> **REQUIRED ACTION**
The required output is a verbatim transcription of the listing, pictures excluded.

> **INPUT DATA**

════

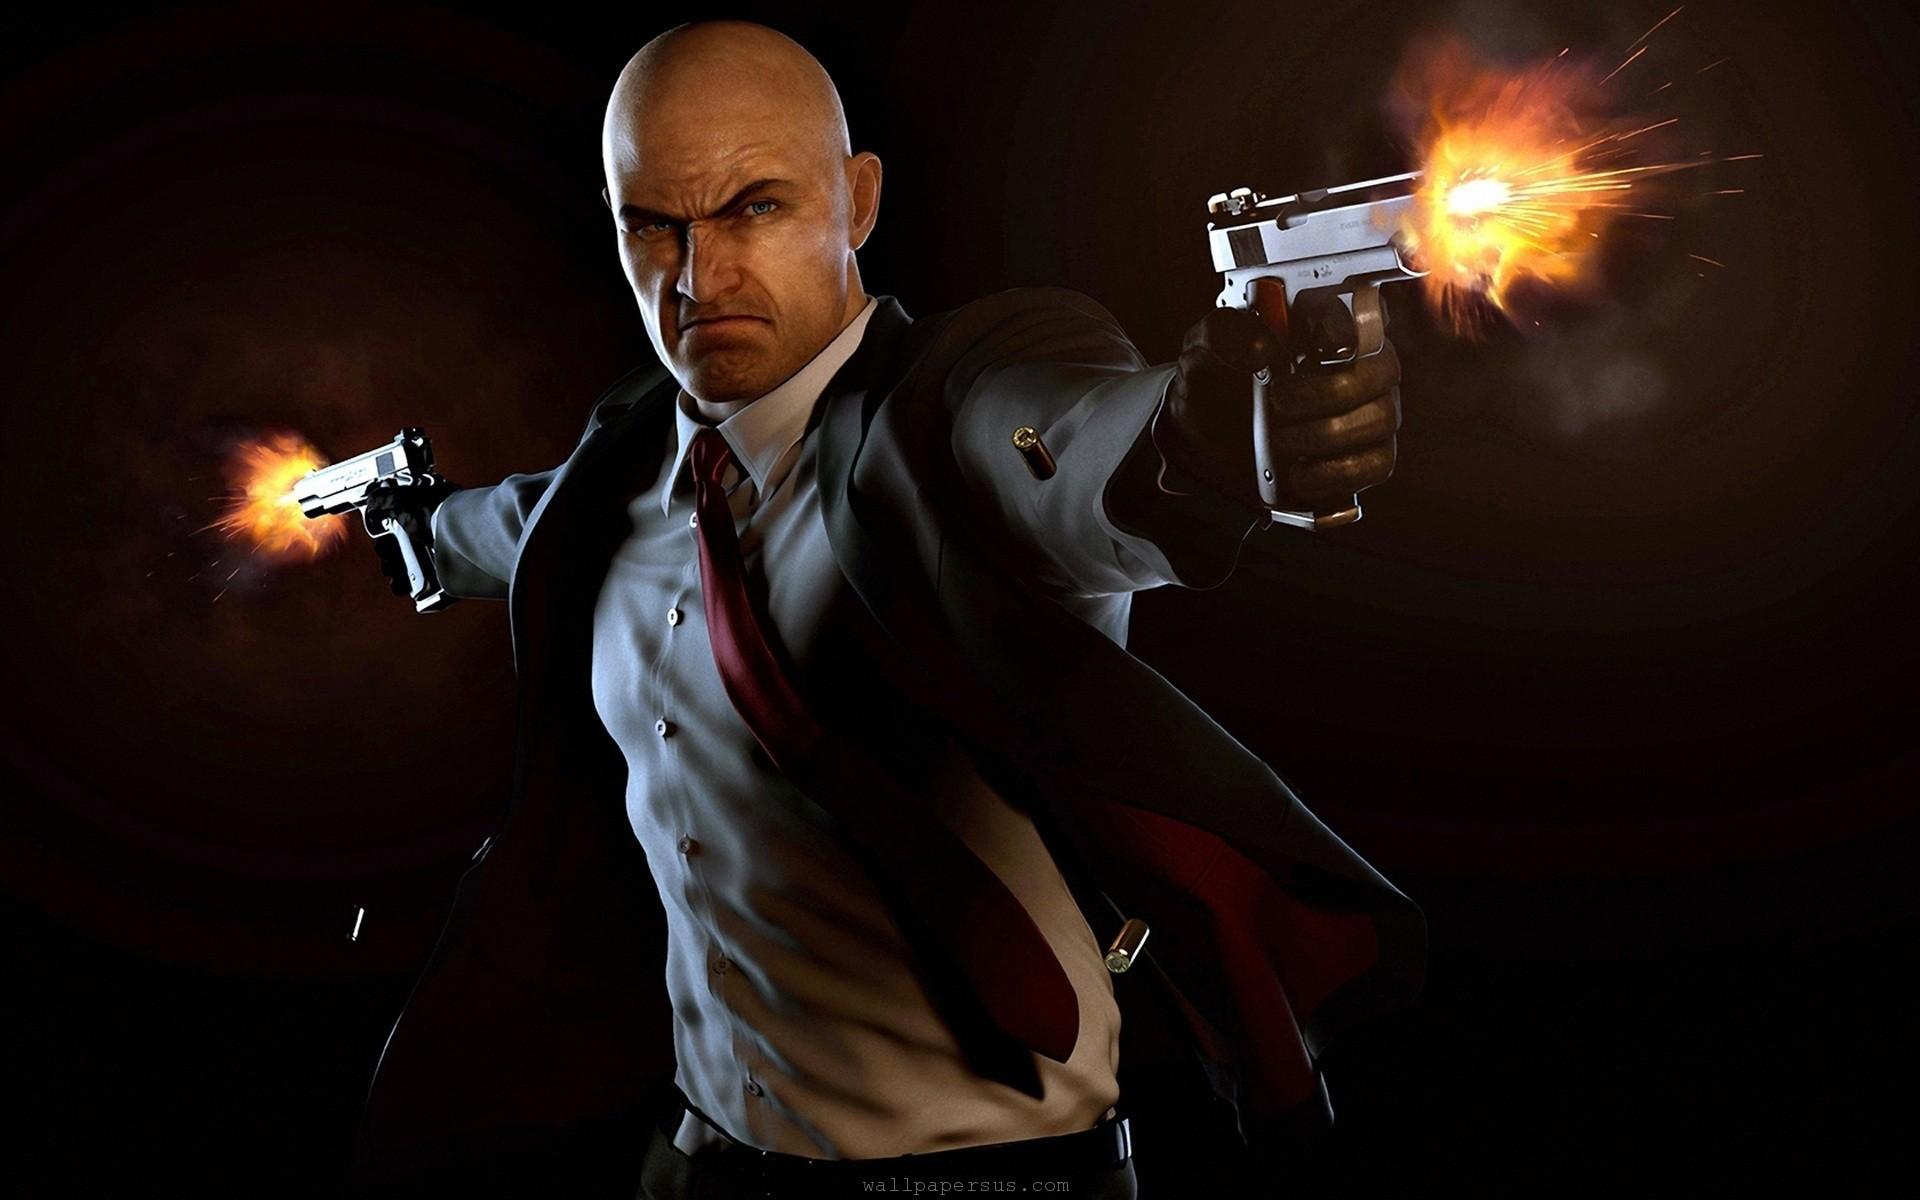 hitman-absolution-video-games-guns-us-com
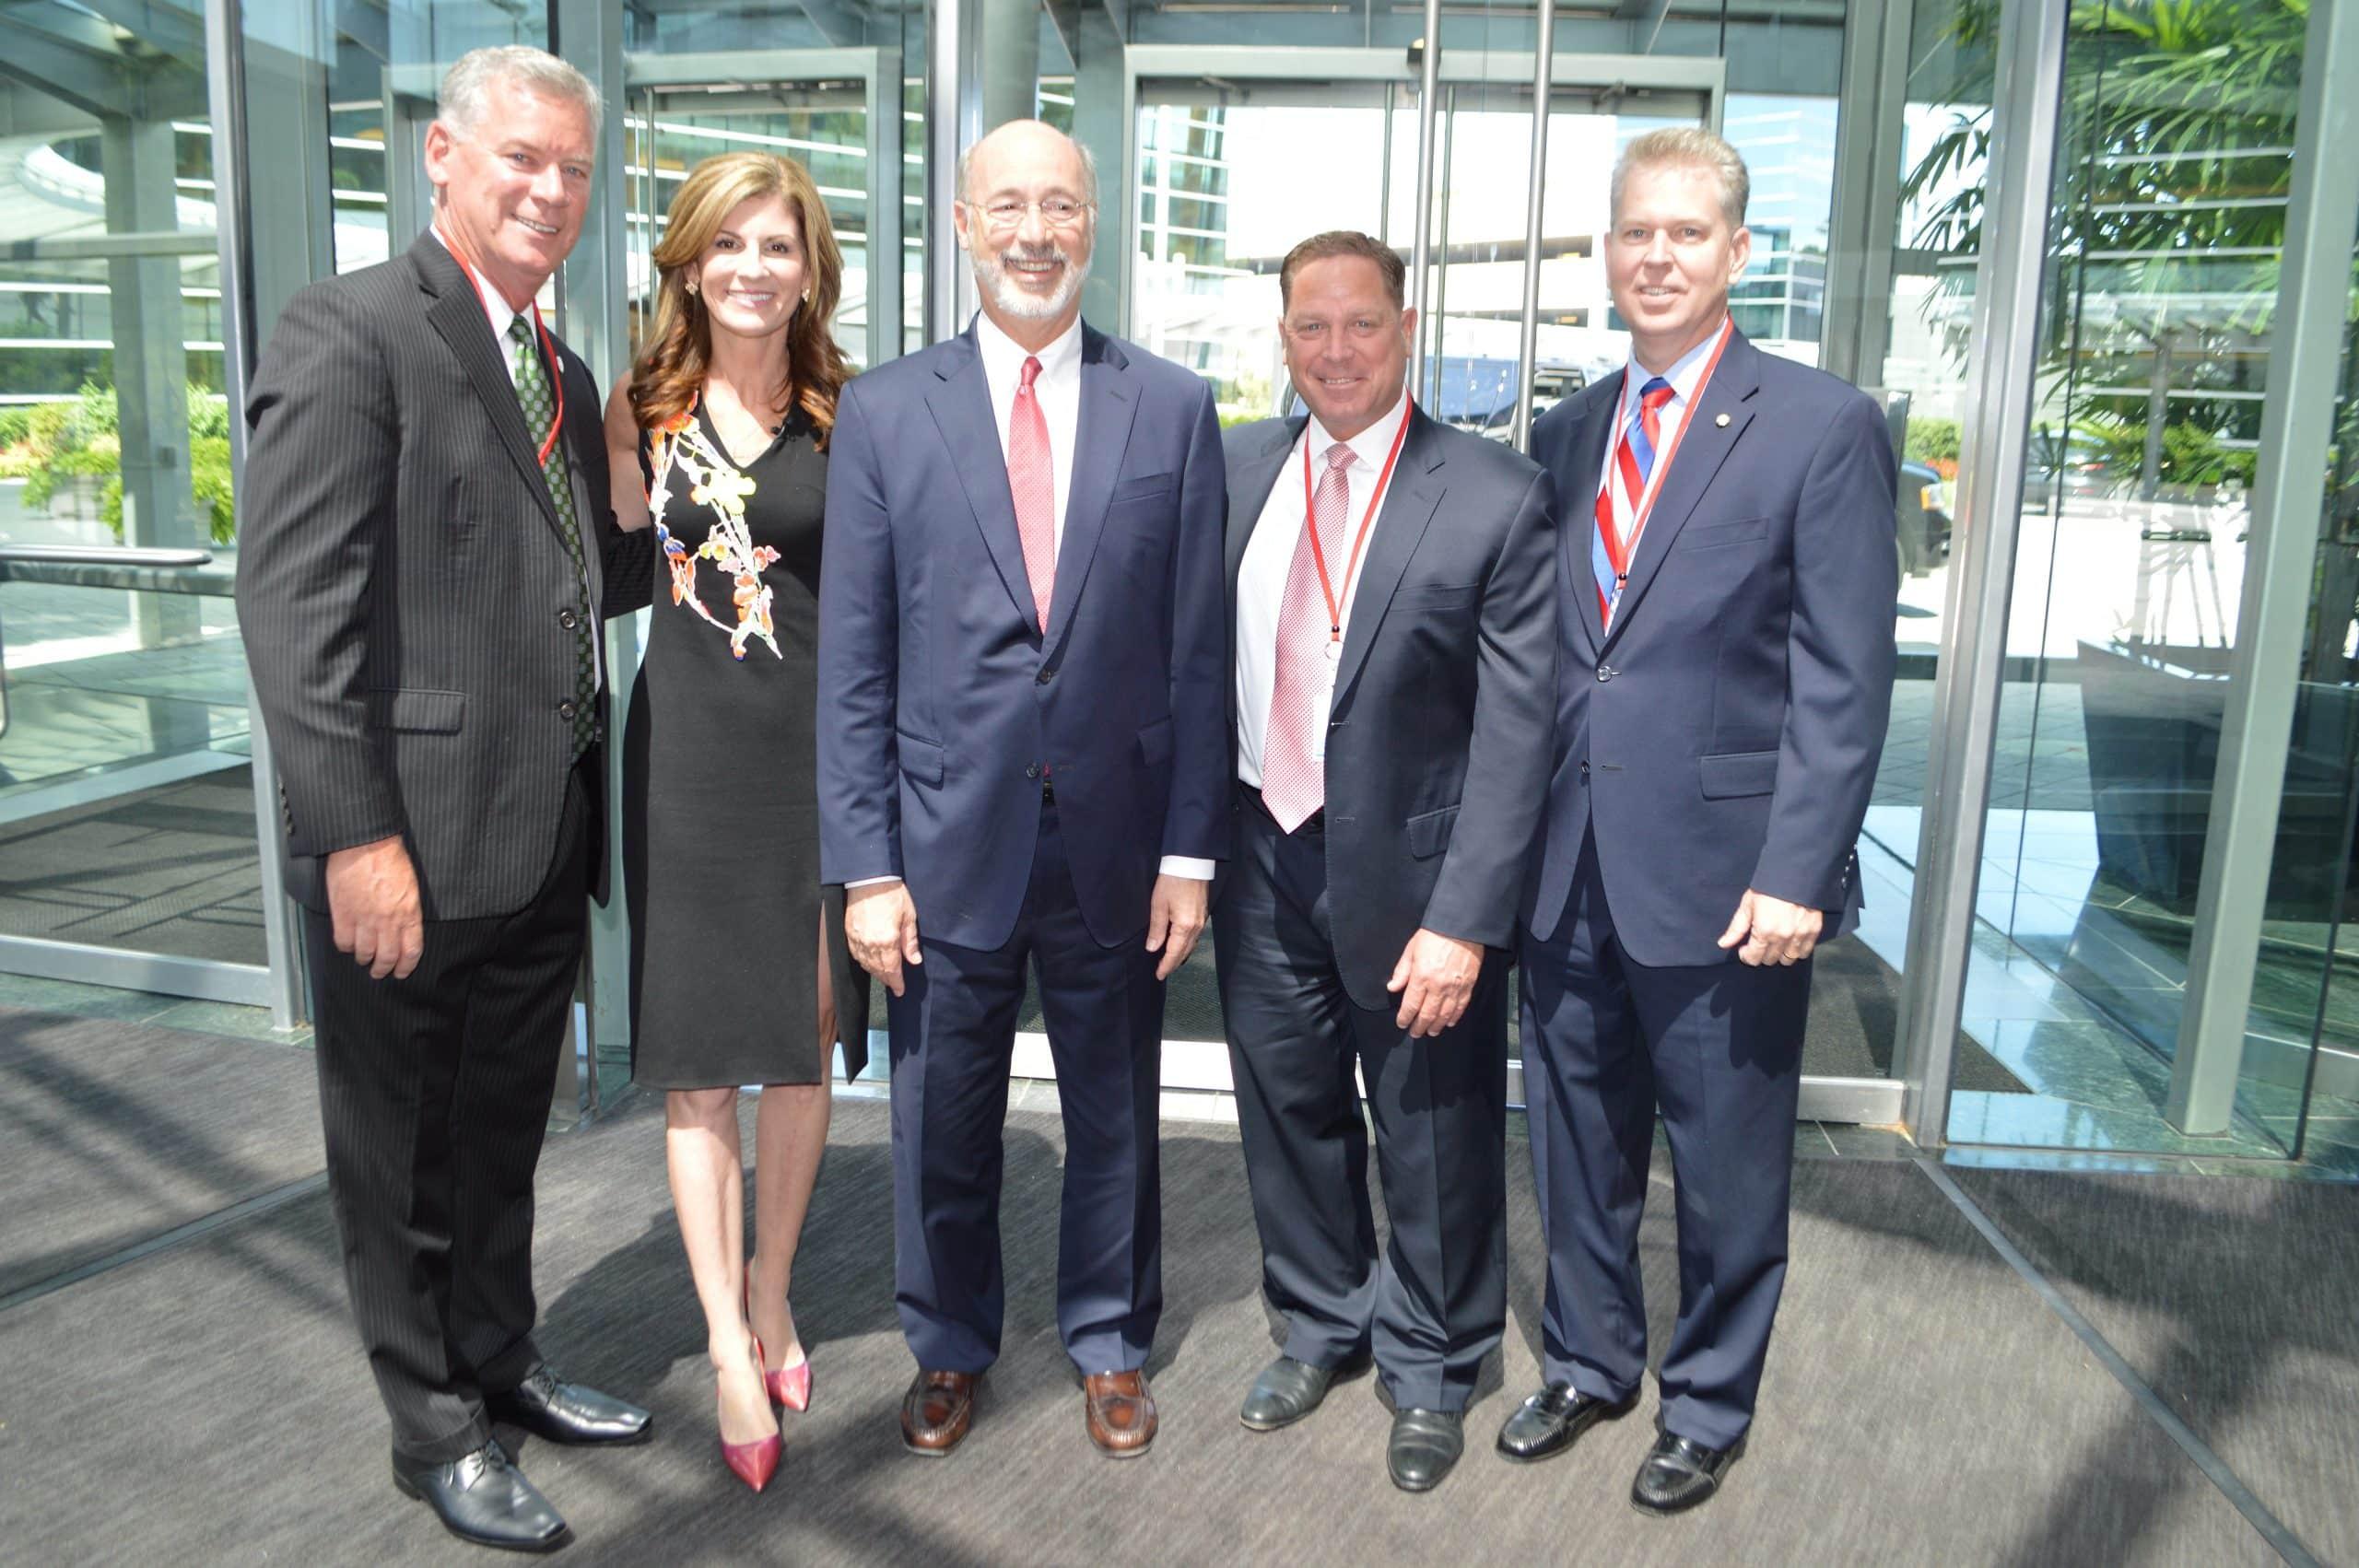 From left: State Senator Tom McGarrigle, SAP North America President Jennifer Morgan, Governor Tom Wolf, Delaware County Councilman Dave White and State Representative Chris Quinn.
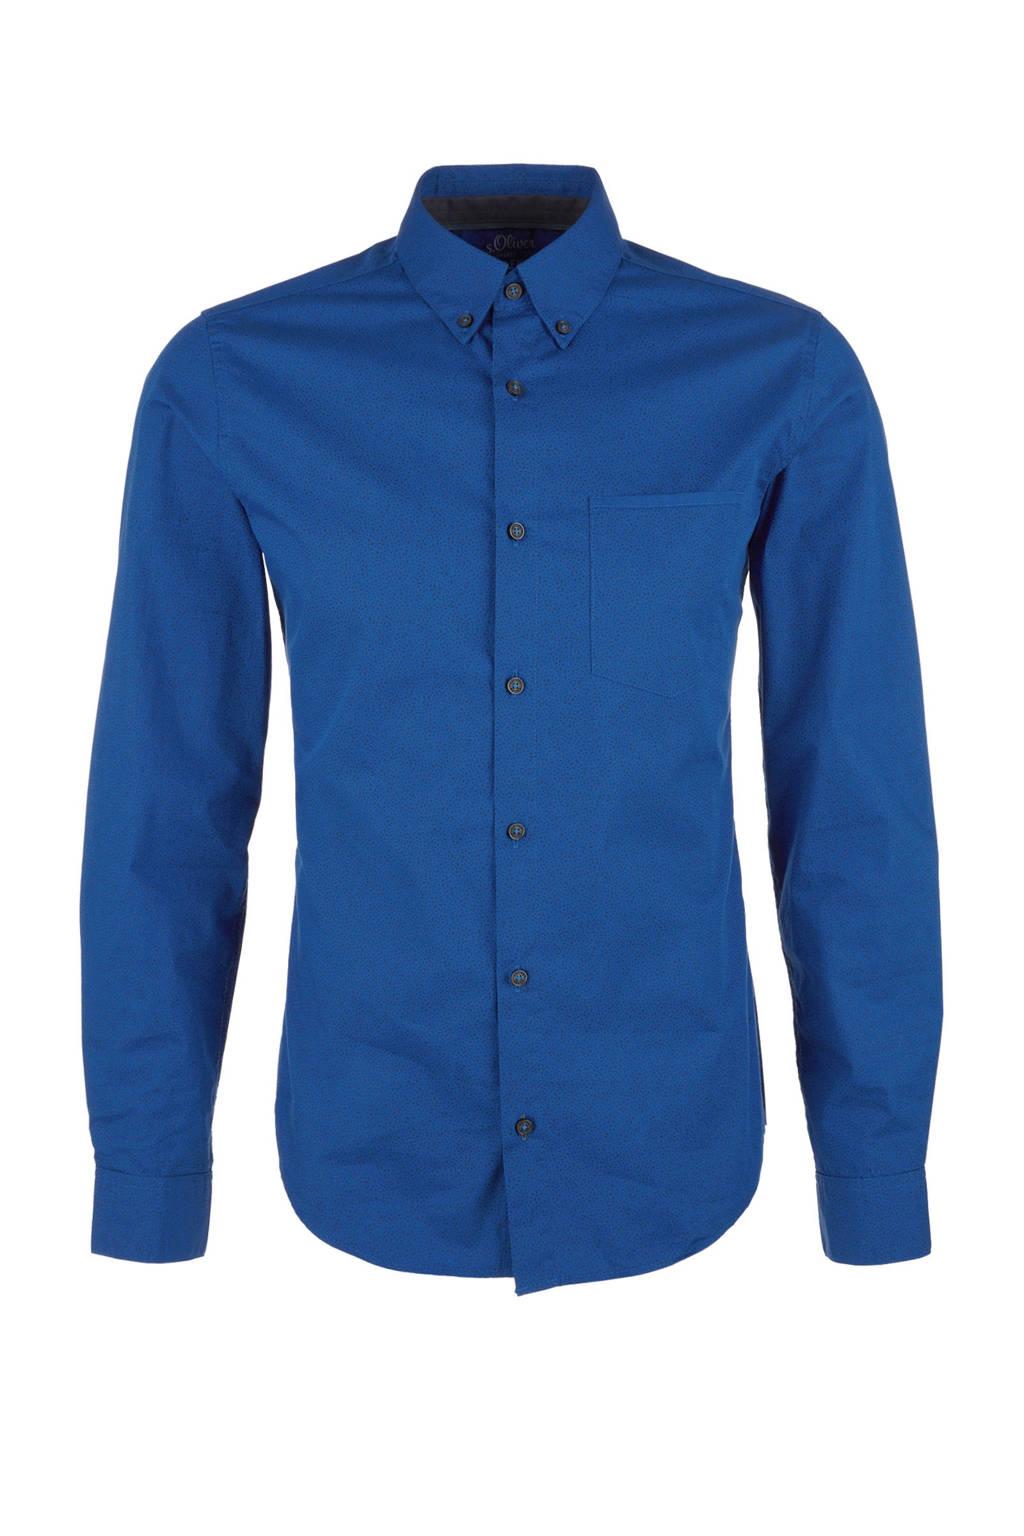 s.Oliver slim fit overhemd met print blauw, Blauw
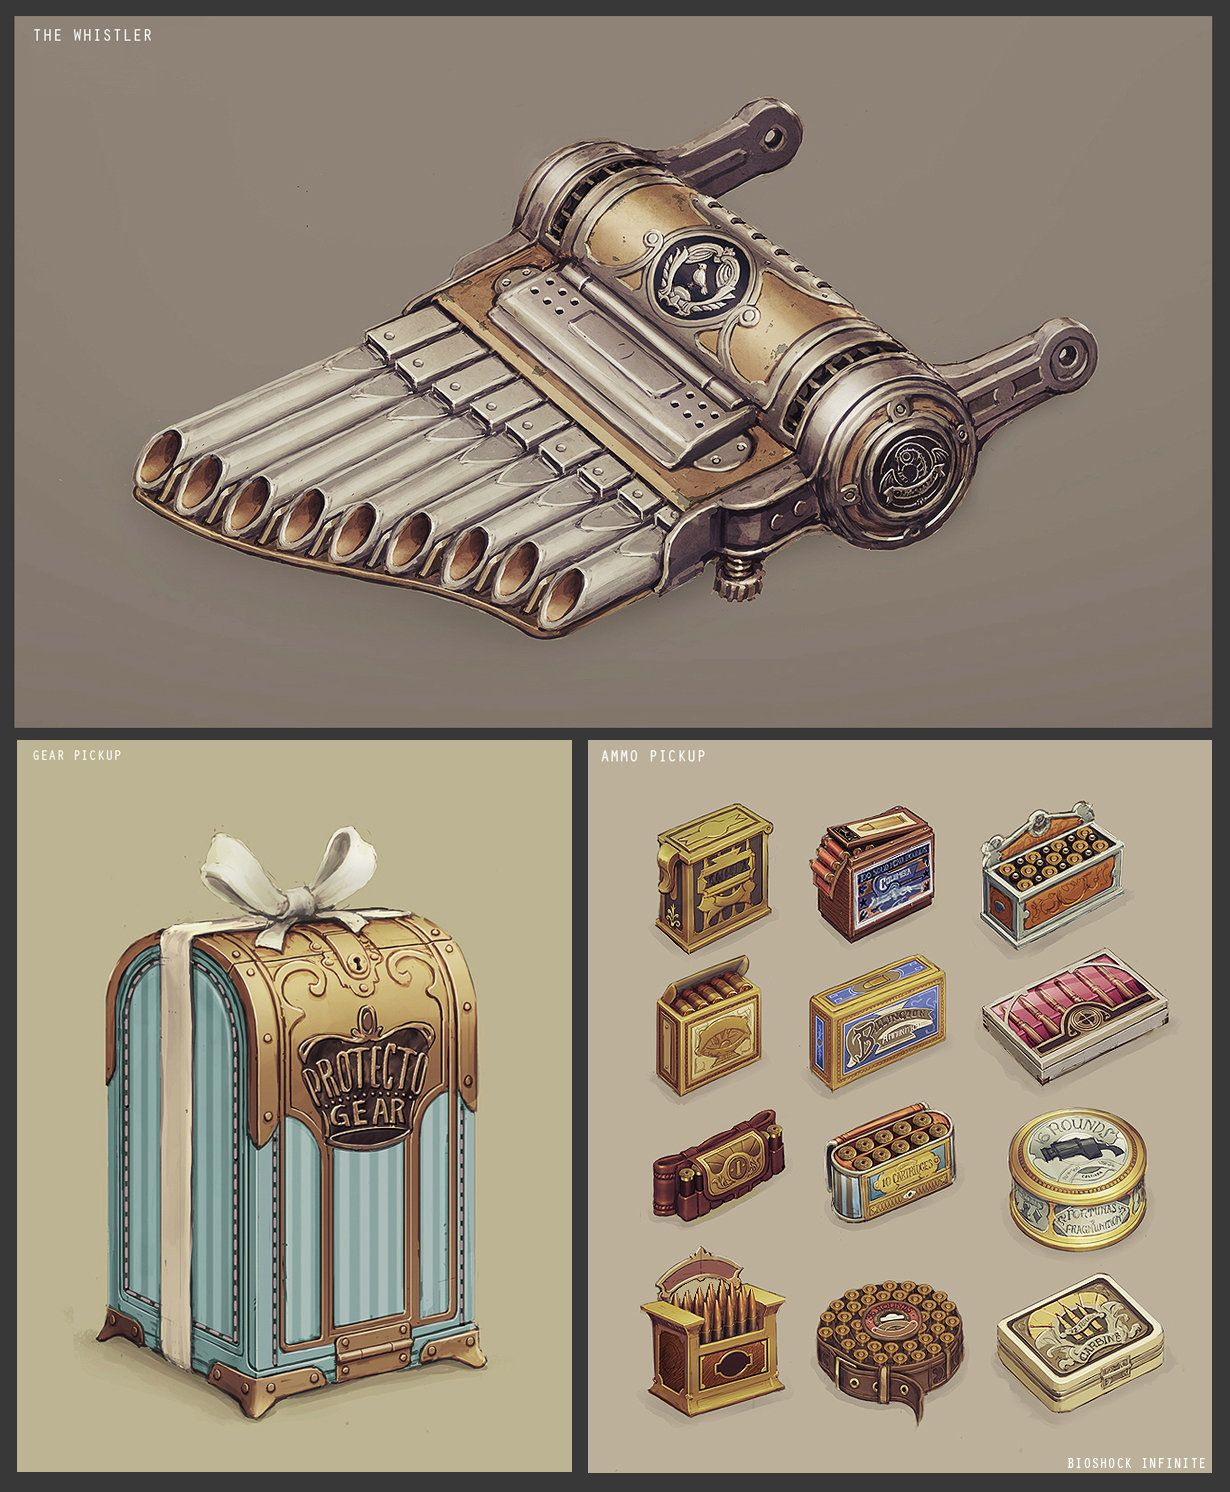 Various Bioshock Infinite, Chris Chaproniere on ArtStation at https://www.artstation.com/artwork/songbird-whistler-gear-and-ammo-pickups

════

> **WRITTEN RESPONSE**
 hitman-absolution-video-games-guns-us-com
 From left: State Senator Tom McGarrigle, SAP North America President Jennifer Morgan, Governor Tom Wolf, Delaware County Councilman Dave White and State Representative Chris Quinn.
 s.Oliver slim fit overhemd met print blauw, Blauw
 Various Bioshock Infinite, Chris Chaproniere on ArtStation at https://www.artstation.com/artwork/songbird-whistler-gear-and-ammo-pickups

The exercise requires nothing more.